3.3. Configuration and Installation of Ansible with Red Hat Enterprise Linux and CentOS

The following steps help you configure access to the repository as well as install Ansible on older versions of Tower.

3.3.1. Configure Repository Access

Configure the EPEL repository and any others needed.

As the root user, for Red Hat Enterprise Linux 7 and CentOS 7

root@localhost:~$ yum install http://dl.fedoraproject.org/pub/epel/epel-release-latest-7.noarch.rpm

Note

  • You may also need to enable the extras repository specific for your environment:
    • extras on CentOS 7

    • rhel-7-server-extras-rpms on Red Hat Enterprise Linux 7

    • rhui-REGION-rhel-server-extras when running in EC2.
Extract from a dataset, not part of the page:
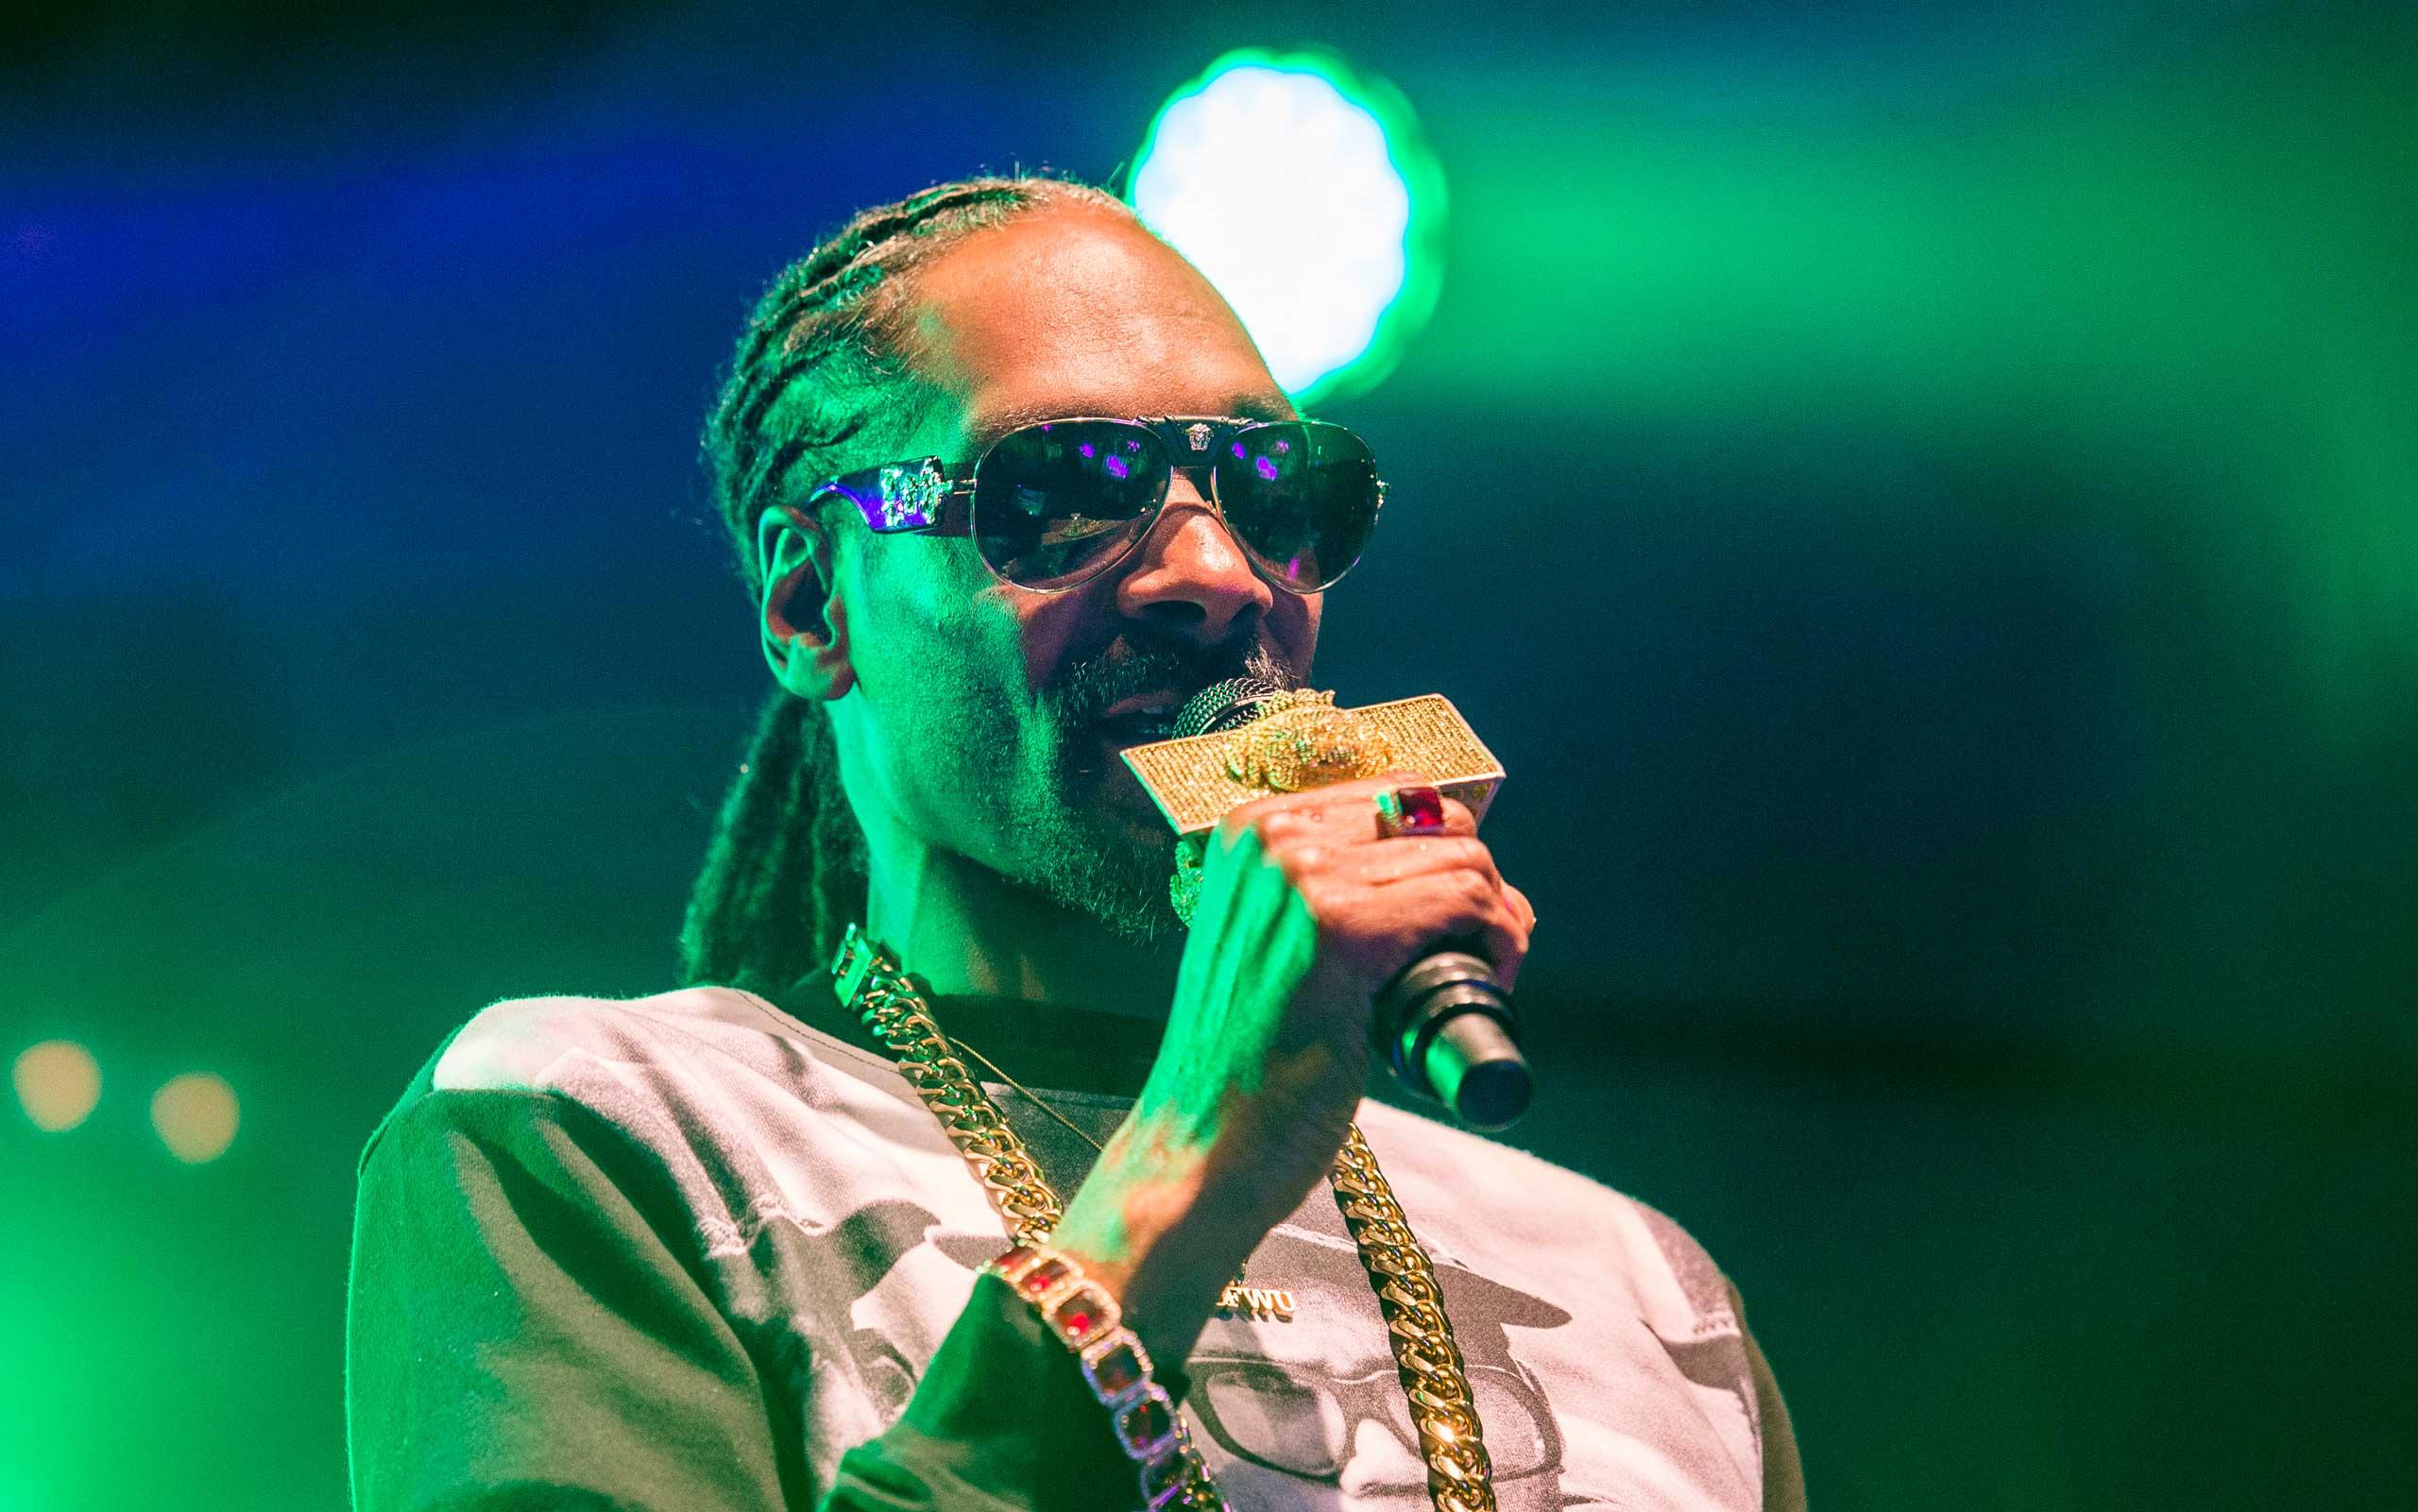 US rapper Snoop Dogg performing in Uppsala, Sweden, on July 25, 2015.

  • When using the official Red Hat Enterprise Linux 7 marketplace AMI, ensure that the latest rh-amazon-rhui-client package that allows enabling the optional repository (named rhui-REGION-rhel-server-optional in EC2) is installed.

3.3.2. Install Ansible

Note

Tower is installed using Ansible playbooks; therefore, Ansible is required to complete the installation of Tower.
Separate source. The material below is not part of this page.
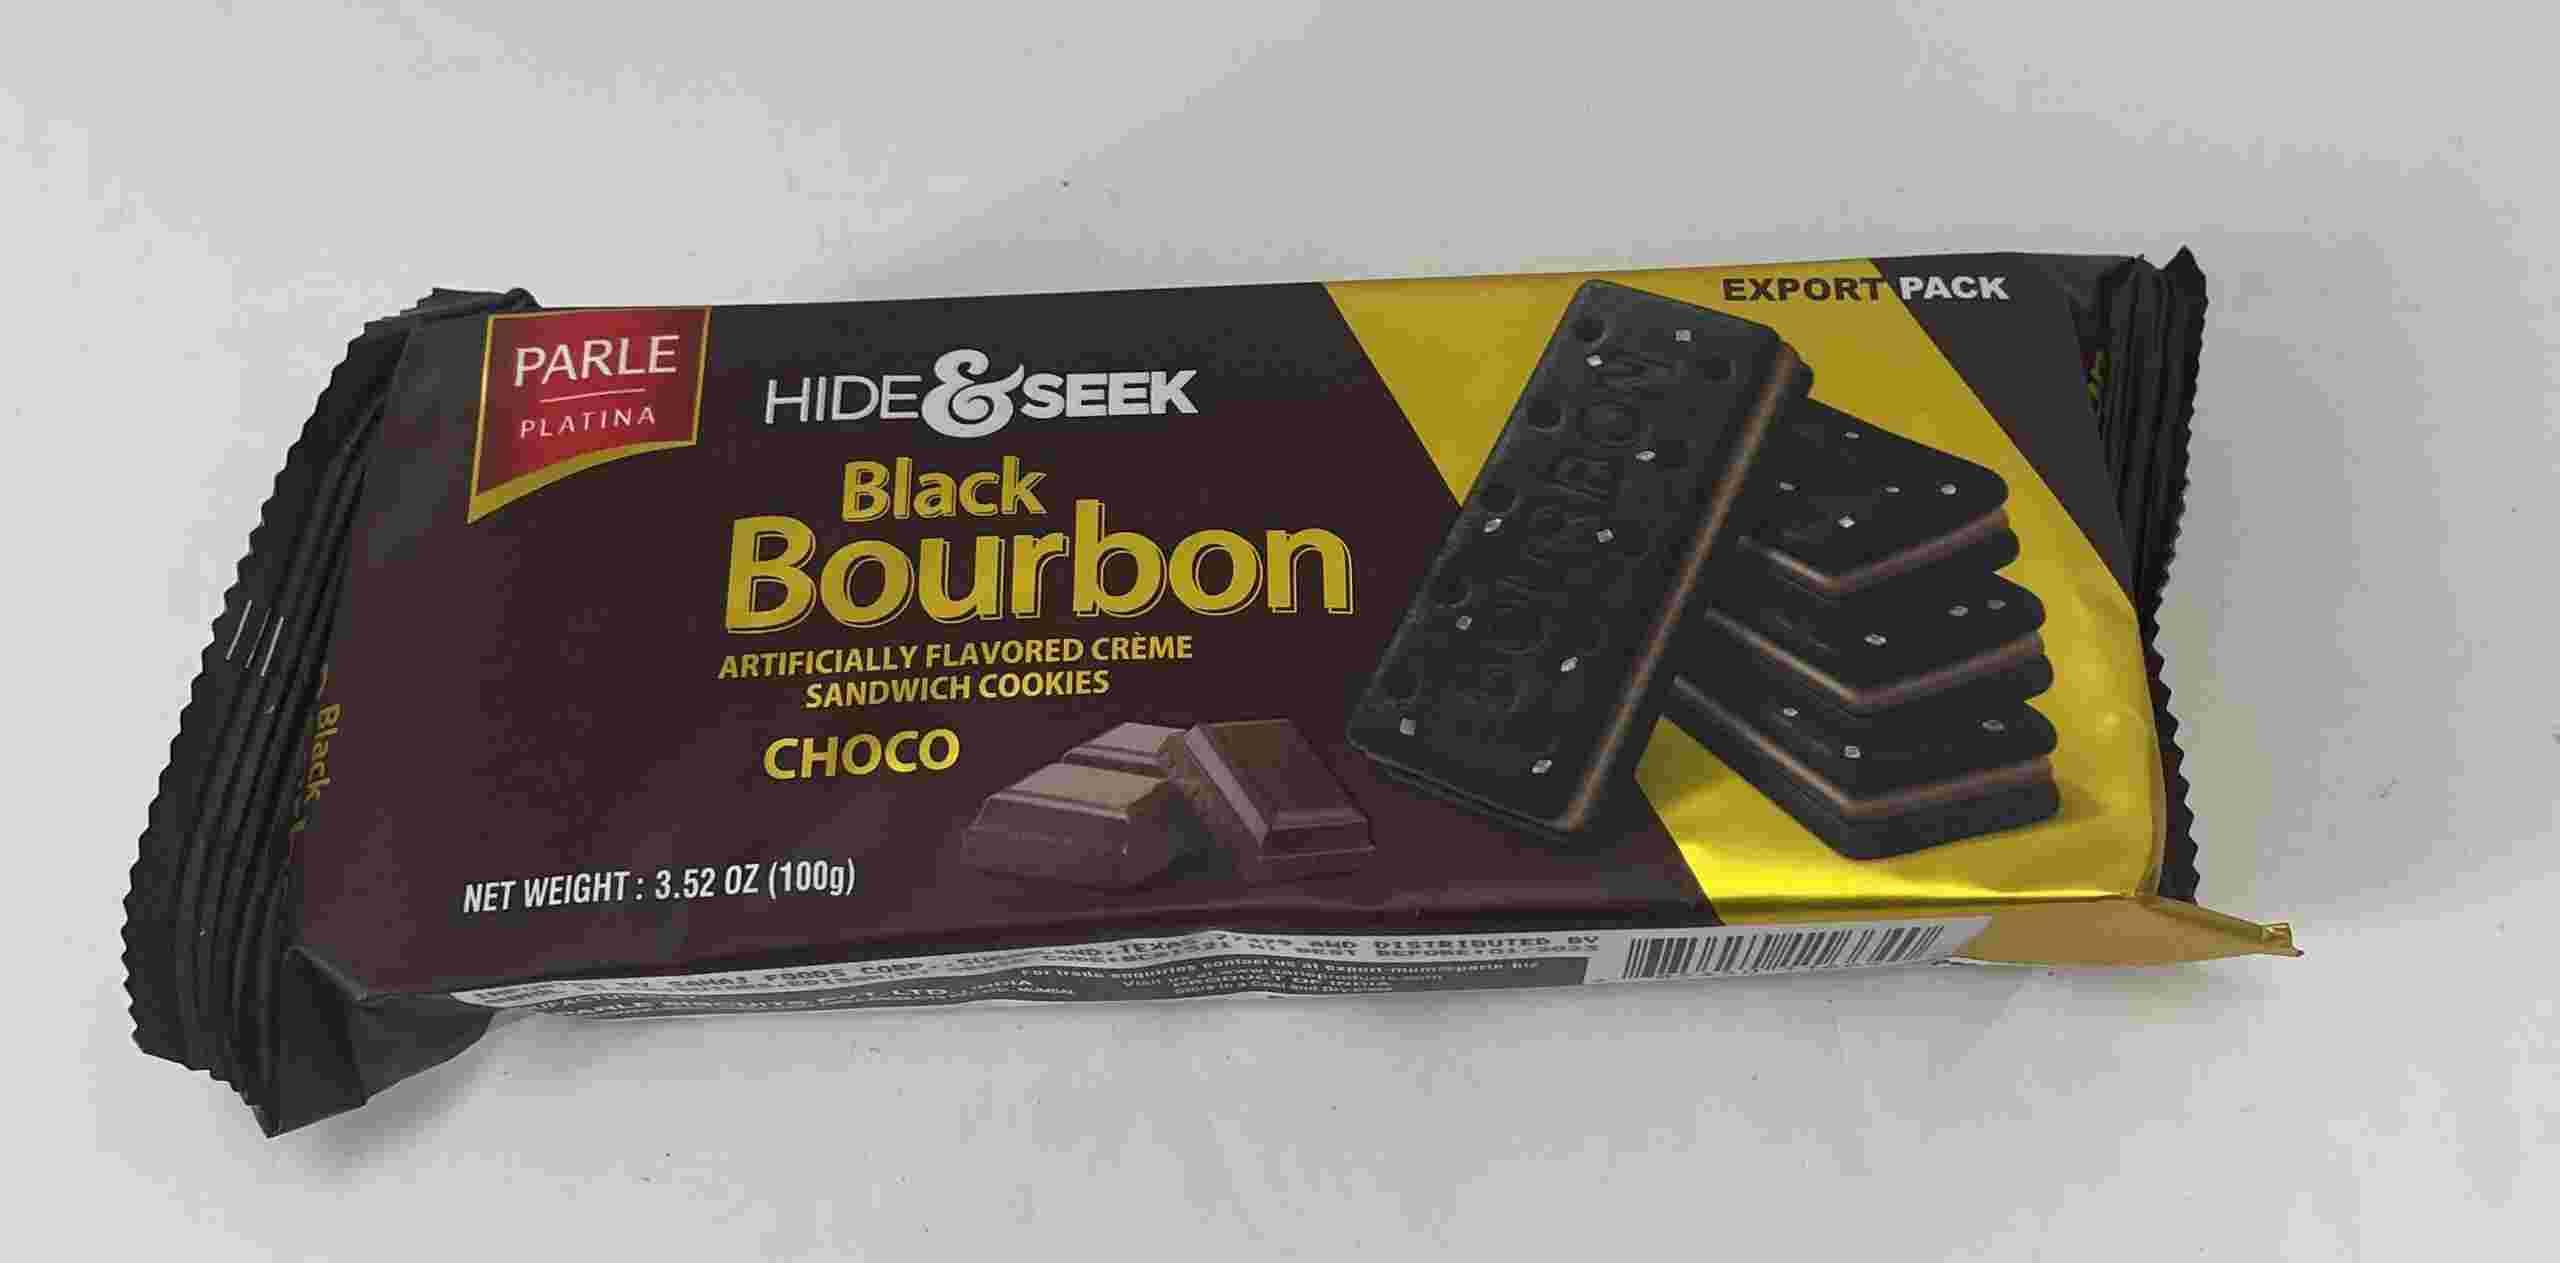 Parle Hide & Seek Black Bourbonn Choco

Beginning with Ansible Tower version 2.3.0, Ansible is installed automatically during the setup process.

If you are using an older version of Tower, prior to version 2.3.0, Ansible can be installed as detailed in the Ansible documentation at: http://docs.ansible.com/intro_installation.html

For convenience, those installation instructions are summarized below.

root@localhost:~$ yum install ansible

3.4. Configuration and Installation of Ansible with Ubuntu

The following steps help you configure access to the repository as well as install Ansible on older versions of Tower.

3.4.1. Configure Repository Access

As the root user, configure Ansible PPA:

root@localhost:~$ apt-get install software-properties-common
root@localhost:~$ apt-add-repository ppa:ansible/ansible

3.4.2. Install Ansible

Note

Tower is installed using Ansible playbooks; therefore, Ansible is required to complete the installation of Tower.

Beginning with Ansible Tower version 2.3.0, Ansible is installed automatically during the setup process.

If you are using an older version of Tower, prior to version 2.3.0, Ansible can be installed as detailed in the Ansible documentation at: http://docs.ansible.com/intro_installation.html

For convenience, those installation instructions are summarized below.

root@localhost:~$ apt-get update
root@localhost:~$ apt-get install ansible

3.5. Configuration and Installation on OpenShift

For OpenShift-based deployments, refer to OpenShift Deployment and Configuration.